We like to do this efficiently because we might return up to a million documents.

For example, if we had documents describing People, and a query of, say, "Stone" we might want to show

Fields matched:
  Last name:  145
  Street: 431
  Favorite rock band:  13
  Home exterior: 2340

Is there an efficient way to do this?

So far, we're trying to leverage highlighting.   But it seems very slow.

Thanks

Re: [External] Re: per-field count of documents matched?

Posted by Susmit <sh...@gmail.com>.
i used json facet api for a similar requirement. it can ignore filters from main query if needed and roll up the hit counts to any field ..

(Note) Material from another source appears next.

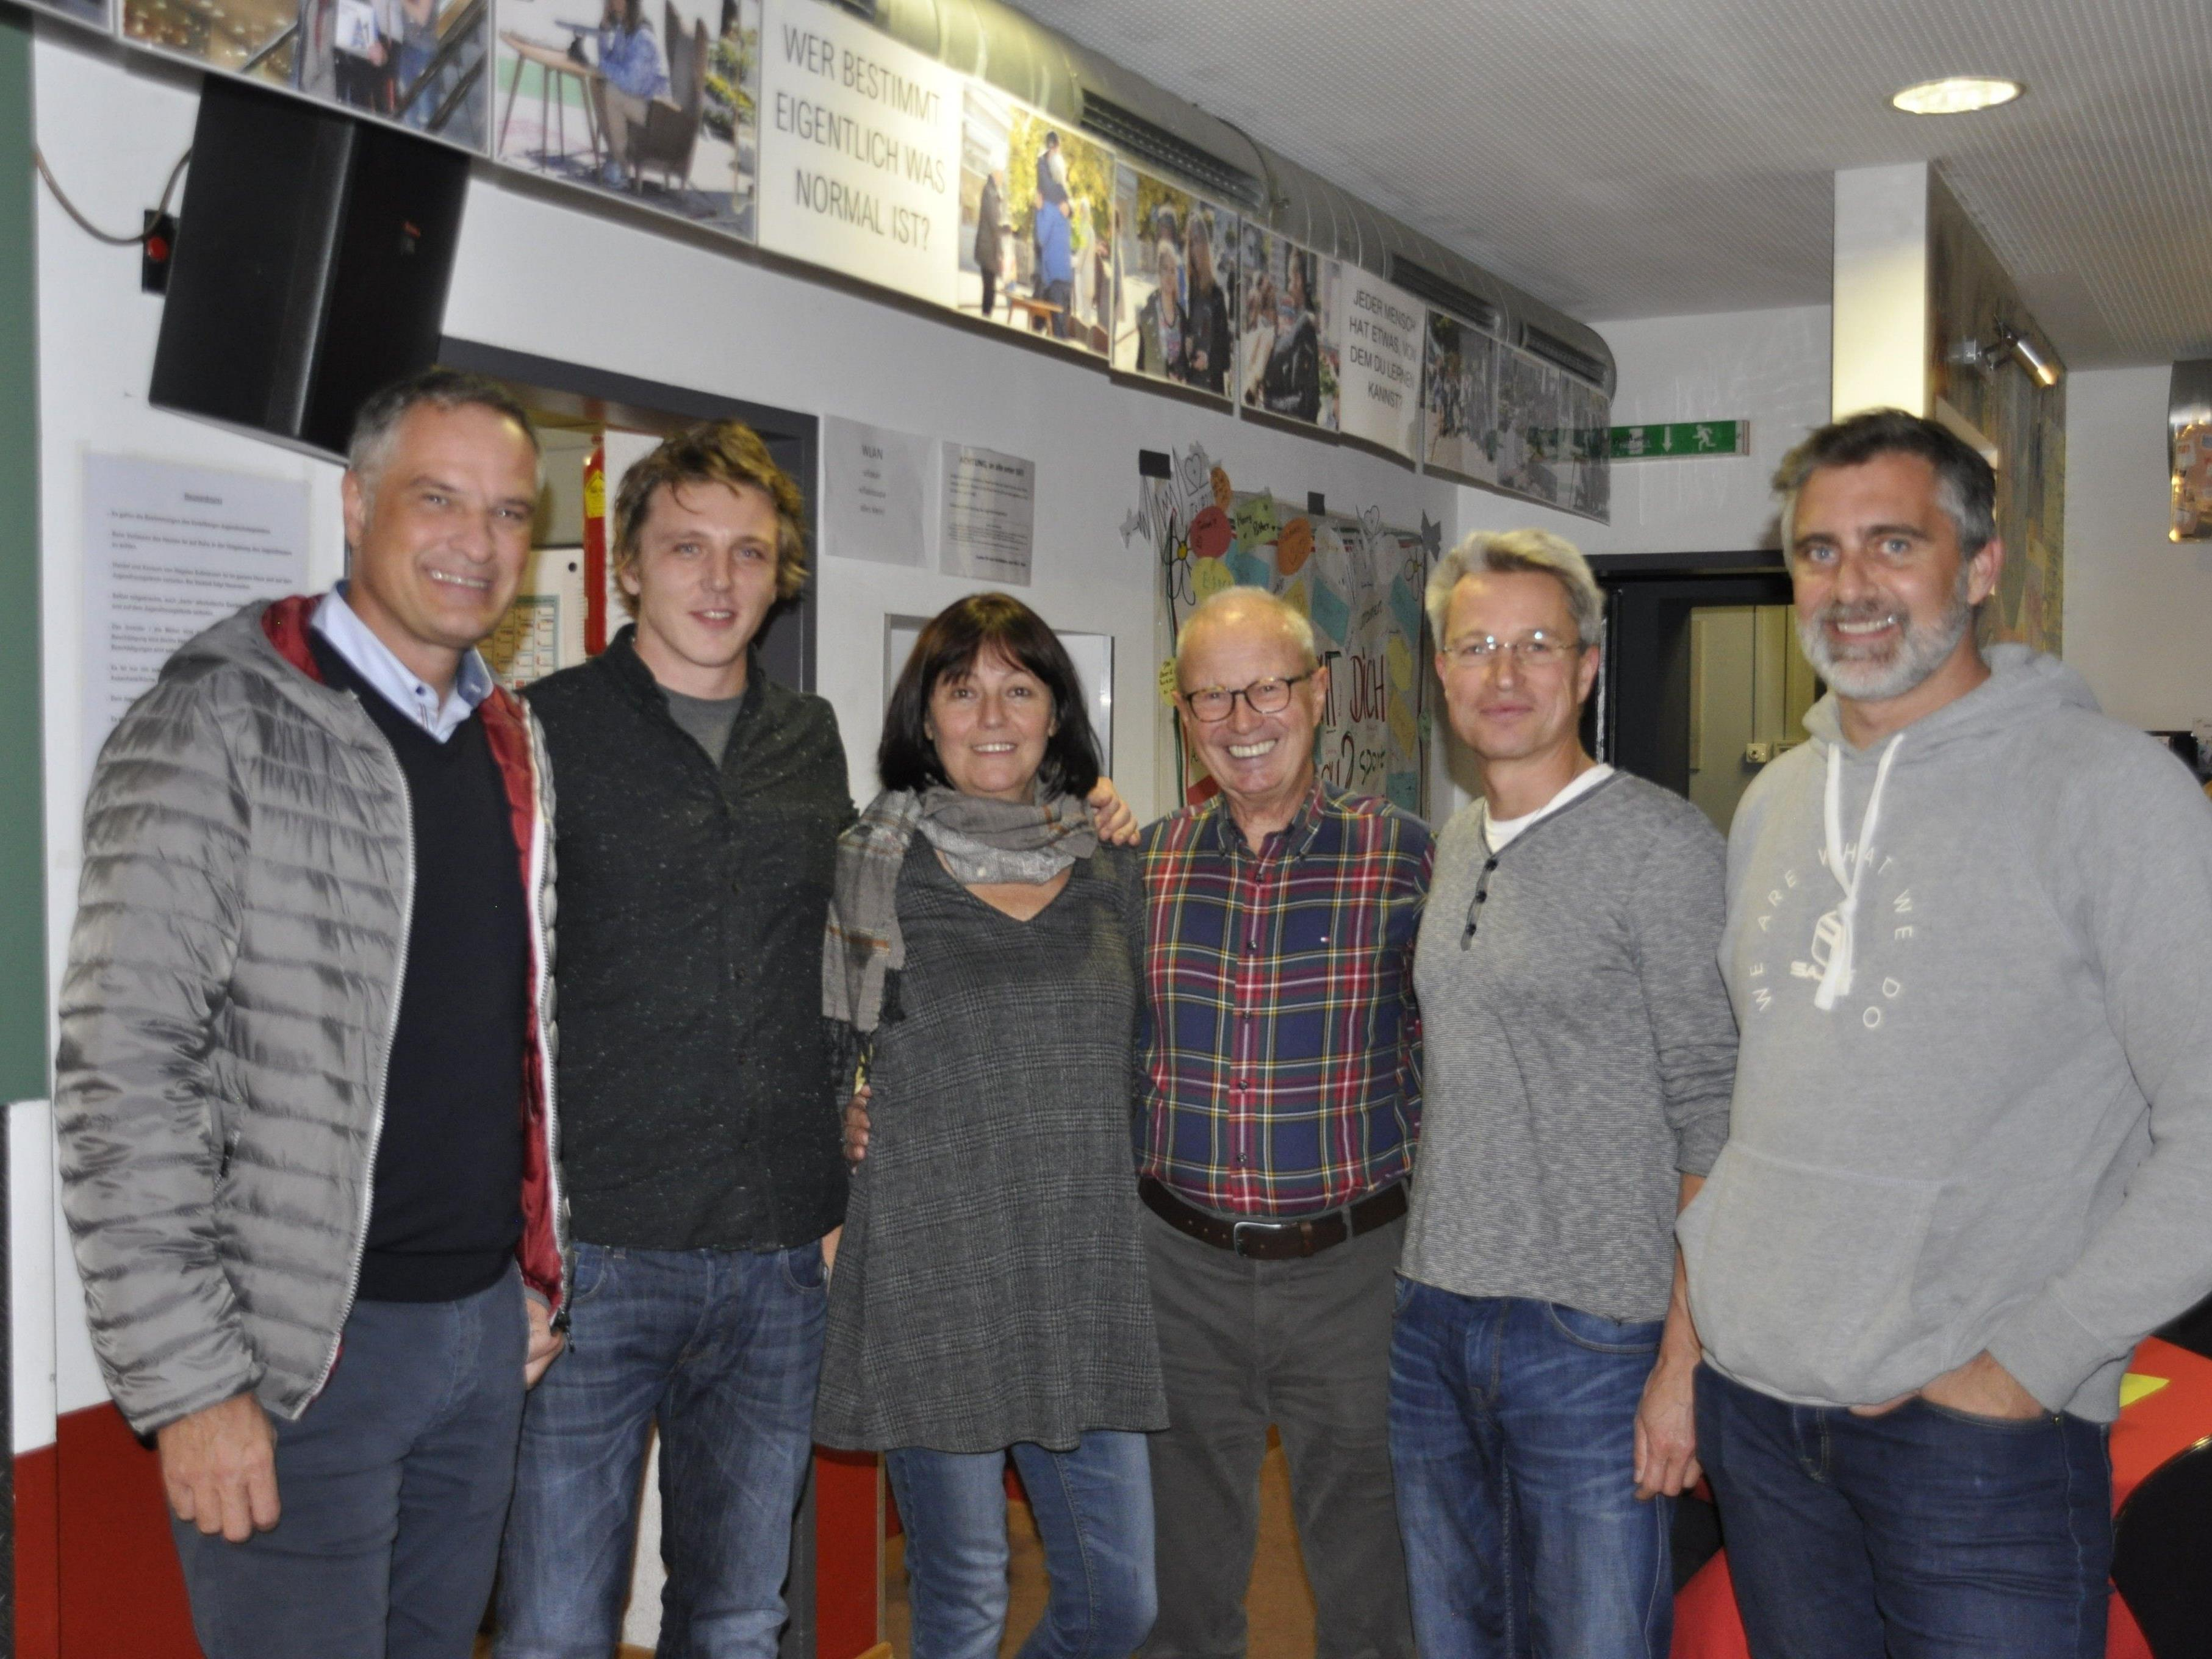 v.r.: Mario Leiter, Roman Bitschnau, Ruthilde Thaler-Feuerstein, Anton Geiger, Dietmar Böhm, Michael Lienher
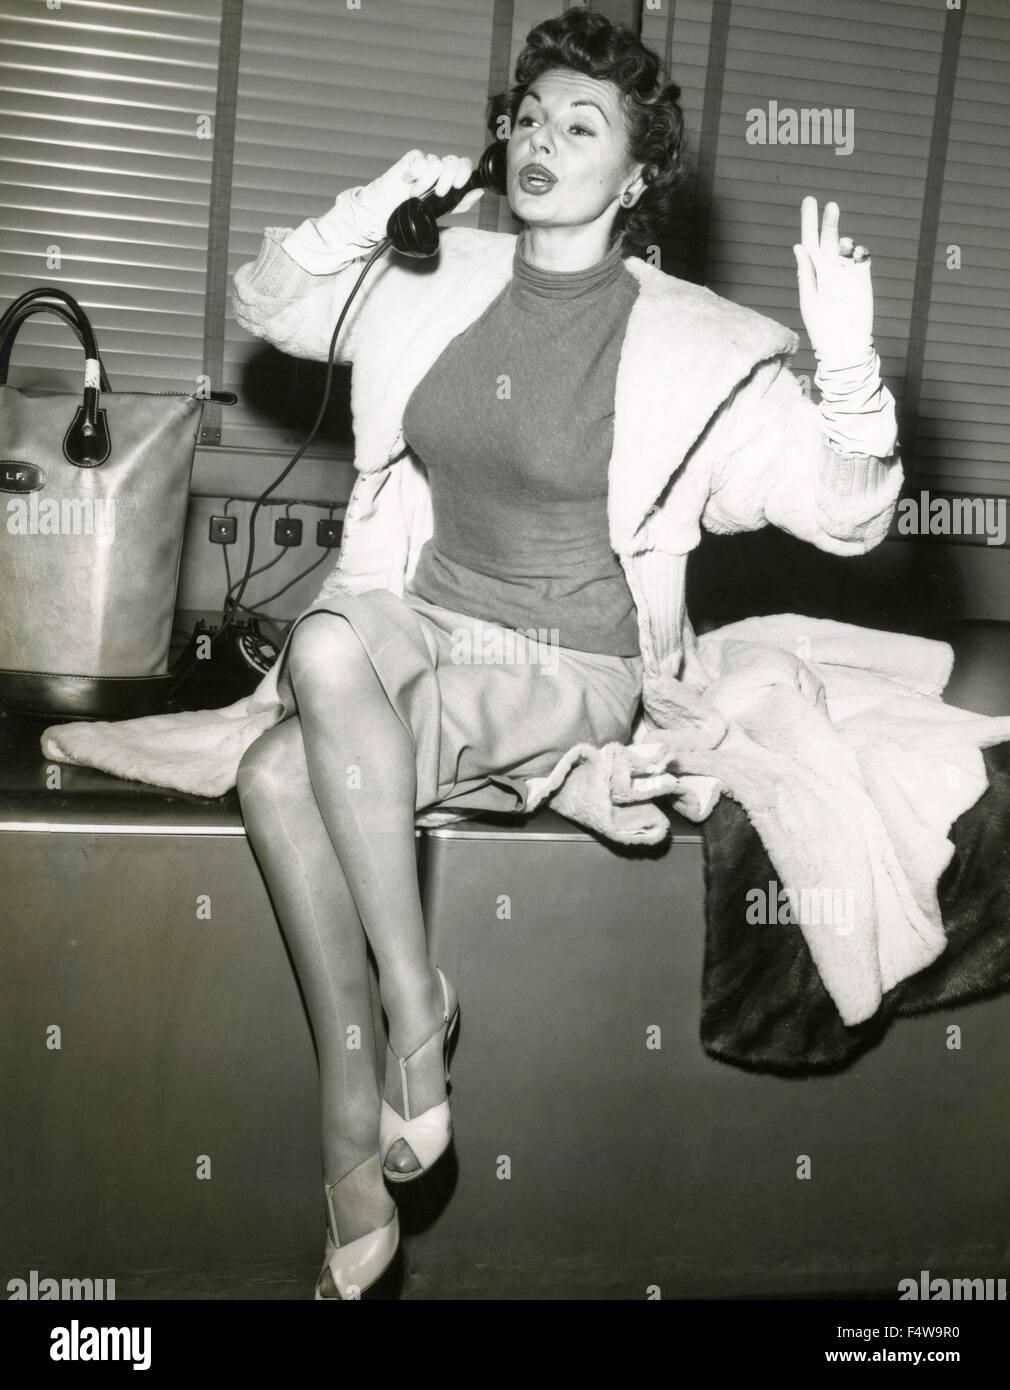 Judy Ann Santos (b. 1978) pics

> On Feb 11, 2020, at 6:19 PM, Fischer, Stephen <sf...@pennmedicine.upenn.edu> wrote:
> 
> Thanks very much!   By the way, we are using eDisMax, and the queries our UI supports don't include fancy Booleans, so your ideas just might work
> 
> Thanks again,
> Steve
> 
> -----Original Message-----
> From: Erick Erickson <er...@gmail.com> 
> Sent: Tuesday, February 11, 2020 7:16 PM
> To: solr-user@lucene.apache.org
> Subject: [External] Re: per-field count of documents matched?
> 
> Hmmm, you could do a facet query (or a series of them). facet.query=LastName:stone&facet.query=Street:stone etc….. That’d automatically only tally for the docs that match.
> 
> You could also consider a custom search component. For the exact case you describe, it’s actually fairly simple. The postings list has, for each term, the list of docs that contain it (internal Lucene doc ID). So I might have for field LastName:
> stone -> 1,73,100…
> 
> for field Street:
> stone-> 264,933…
> 
> So it’s simply a matter of, for each term, and each doc the overall query matches go down the list of docs and add them up.
> 
> However… I’m not sure you’d get what you want in either case. Consider a query (A AND B) OR (C AND D). And let’s say doc1 contains A in LastName, and C,D in Street. Should A be counted in the LastName tally for this doc?
> 
> I suppose you could put the full query in the facet.query above. I’m still not sure it’s what you need, since I’m not sure what "per-field count of documents that match” means in your application…
> 
> Best,
> Erick
> 
>> On Feb 11, 2020, at 6:15 PM, Fischer, Stephen <sf...@pennmedicine.upenn.edu> wrote:
>> 
>> Hi wise Solr experts,
>> 
>> For our scientific use-case we want to show users a per-field count of documents that match that field.
>> 
>> We like to do this efficiently because we might return up to a million documents.
>> 
>> For example, if we had documents describing People, and a query of, 
>> say, "Stone" we might want to show
>> 
>> Fields matched:
>> Last name:  145
>> Street: 431
>> Favorite rock band:  13
>> Home exterior: 2340
>> 
>> Is there an efficient way to do this?
>> 
>> So far, we're trying to leverage highlighting.   But it seems very slow.
>> 
>> Thanks
> 

RE: [External] Re: per-field count of documents matched?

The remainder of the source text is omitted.